Napoleon had created the Duchy of Warsaw from Prussian lands. Czar Alexander worried it would incite Polish nationalism against his empire.  The Russian army started to concentrate its military forces on the border. Napoleon went to the Russian ambassador in Paris, and harshly rebuked him: You know it’s easy to start a war, but it’s very difficult to finish one.Napoleon had never considered Russia a  threat.  But now, he decided to teach Czar Alexander a lesson. He would invade Russia first.

Preparations began in January 1811. Napoleon gathered together his Grande Armée, consisting of roughly 650,000 soldiers including Frenchmen and conscripted Austrians, Poles and Prussians. Then he moved them all into Poland, along Russia’s border.  The French forces were far greater than anything that Europe had ever seen. It was truly a European army, comprising mixed languages and cultures, the most diverse since the Crusades. ALL decisions were made by Napoleon himself, with implementation delegated to his officers.

Emperor Napoleon presented the invasion to the French people in grand terms. Its noble goal was to the destroy the Russian threat to Europe. They must be punished for leaving the French continental blockade and daring to side with their enemy Britain. He’d simply flood enough men east to quickly force the Russians to engage in battle, overwhelming and defeating them. Napoleon fully expected the Czar to surrender in 20 days after the first major battle.

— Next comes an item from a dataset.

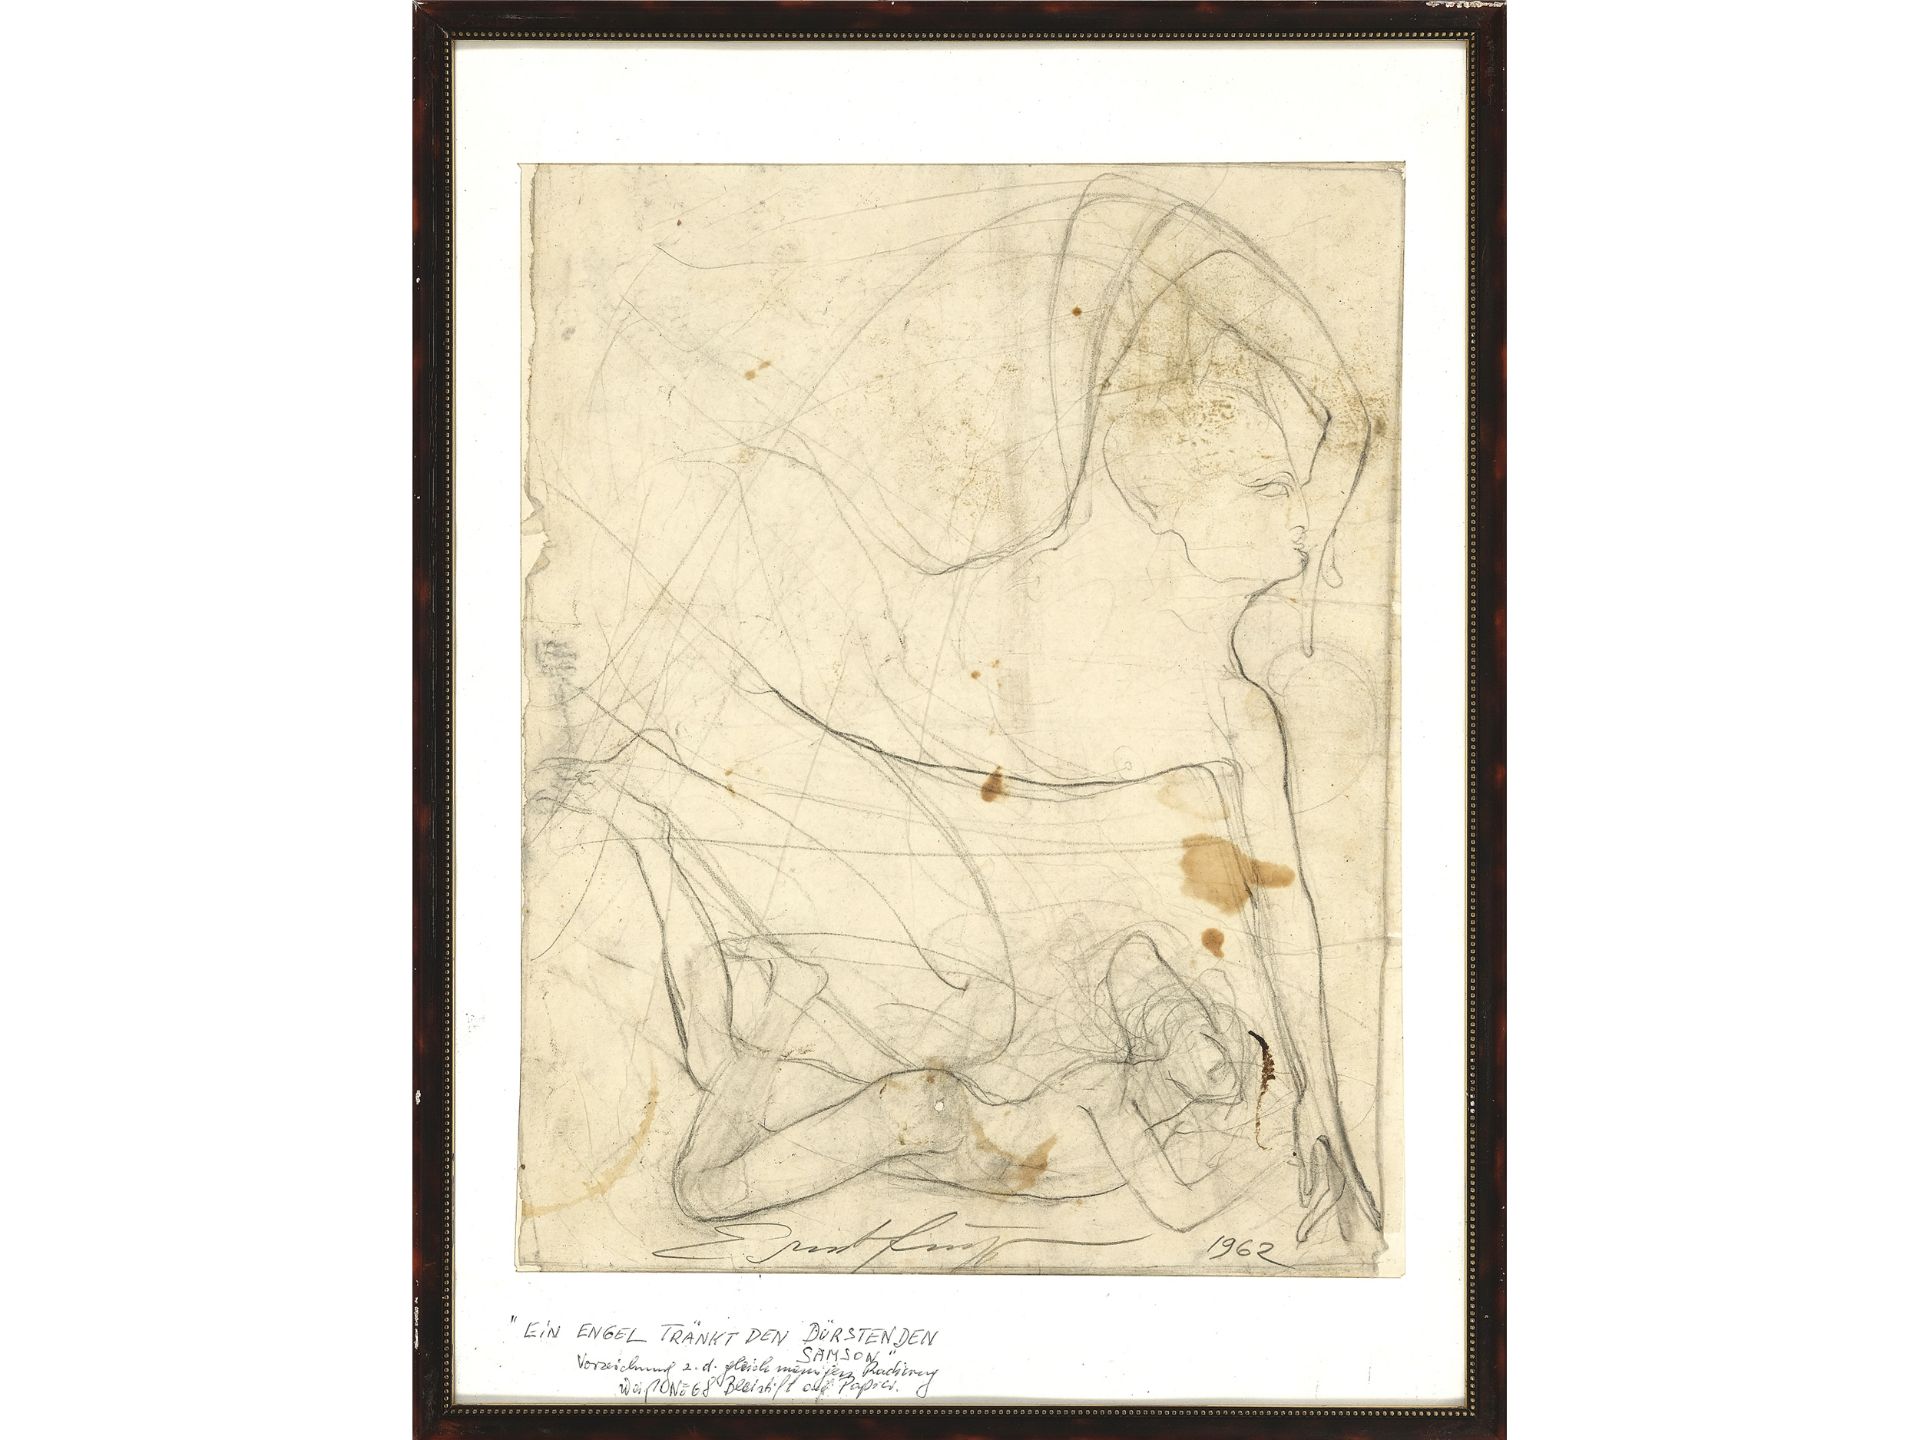 Ernst Fuchs, Vienna 1930 - 2015 Vienna, An angel waters the thirsty Samson - Image 2 of 4

French Emperor Napoleon and Russian Czar Alexander
French Emperor Napoleon and Russian Czar Alexander

Ignoring the advice of his closest advisors, in June the army crossed the Niemen River into Russian territory. They would fight approximately 200,000 soldiers on the Russian side. Napoleon’s goal was to win a quick victory that forced Czar Alexander to the negotiating table.

Instead, the Russian army pulled back! They let the Grande Armée capture the city of Vilna in a week with barely a fight. Napoleon remained confident. I have come once and for all to finish off these barbarians of the North.  They must be pushed back into their ice, so that they no longer come to busy themselves with the affairs of civilized Europe.”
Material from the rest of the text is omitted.